··· SUPPLIED MATERIAL ···
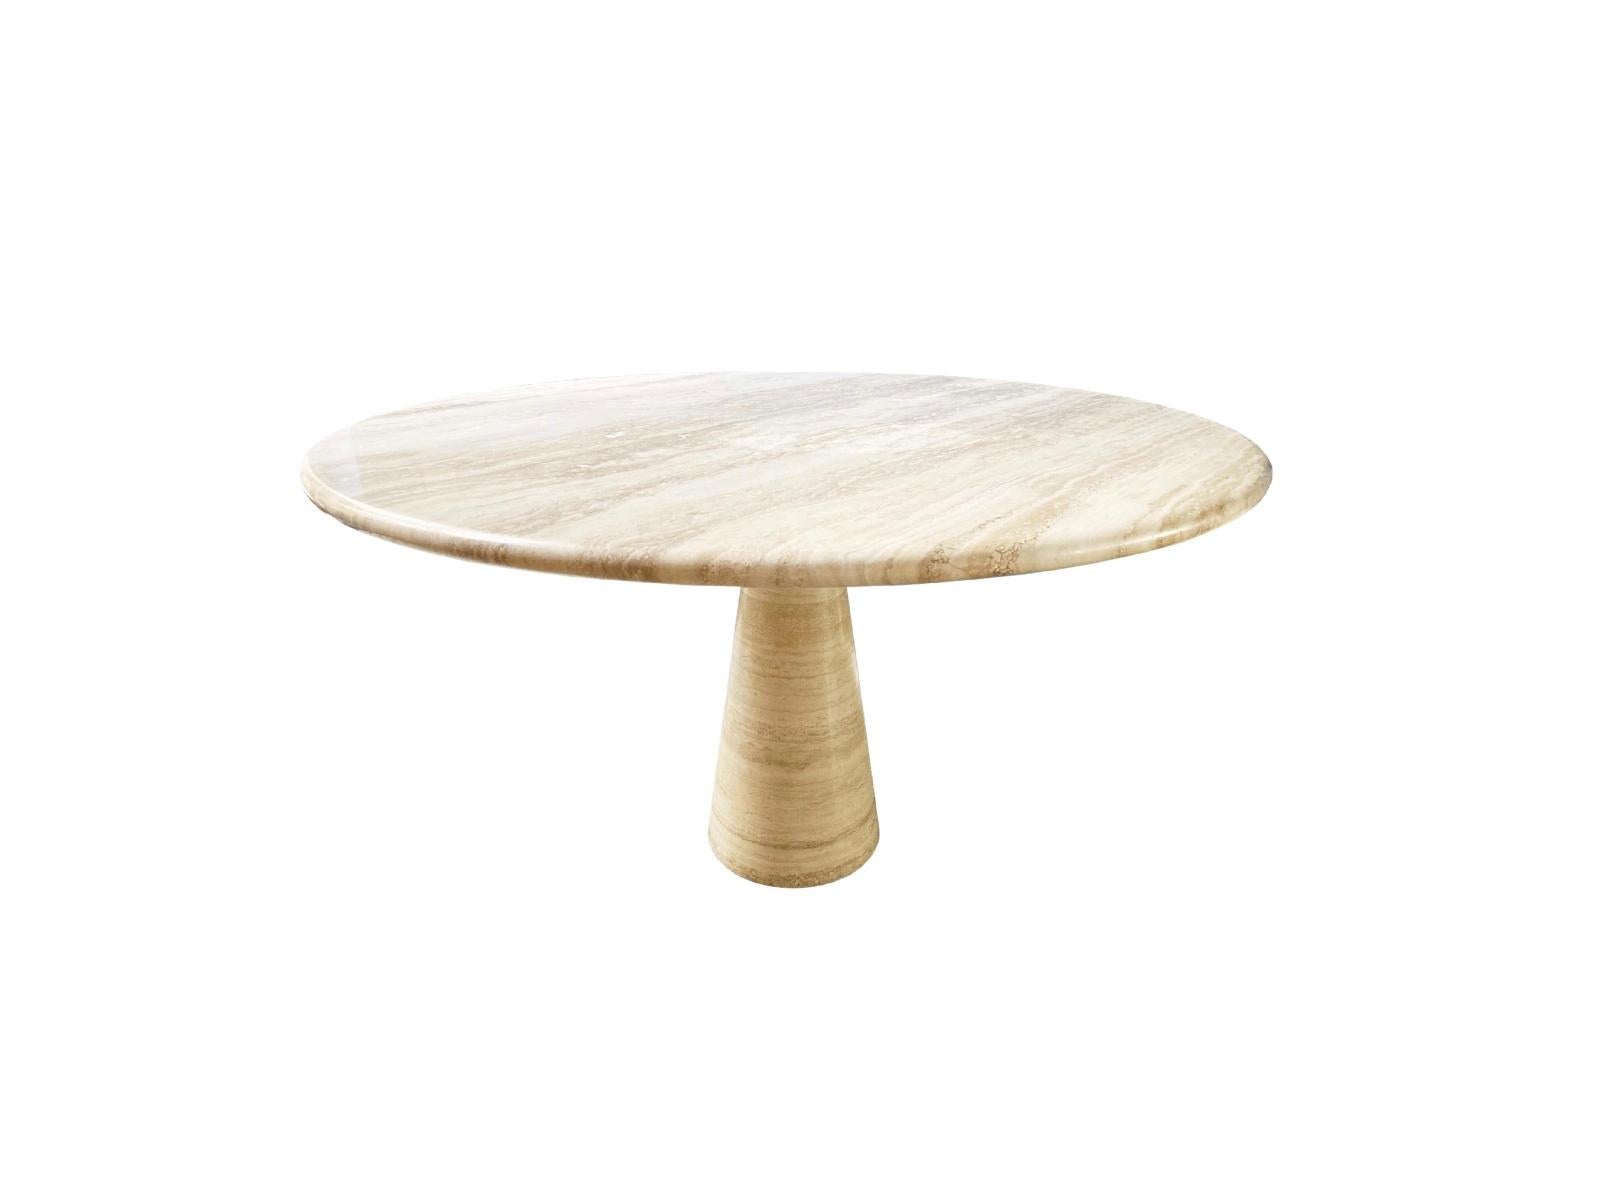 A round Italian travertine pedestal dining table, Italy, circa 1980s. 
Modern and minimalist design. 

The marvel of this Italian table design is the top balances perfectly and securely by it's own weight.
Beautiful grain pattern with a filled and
···
▶ _TASK TO CARRY OUT_:
Find how many lines in the listing contain the word "design" and give that count alone.

▶ _SOLUTION TO THE EXERCISE_:
2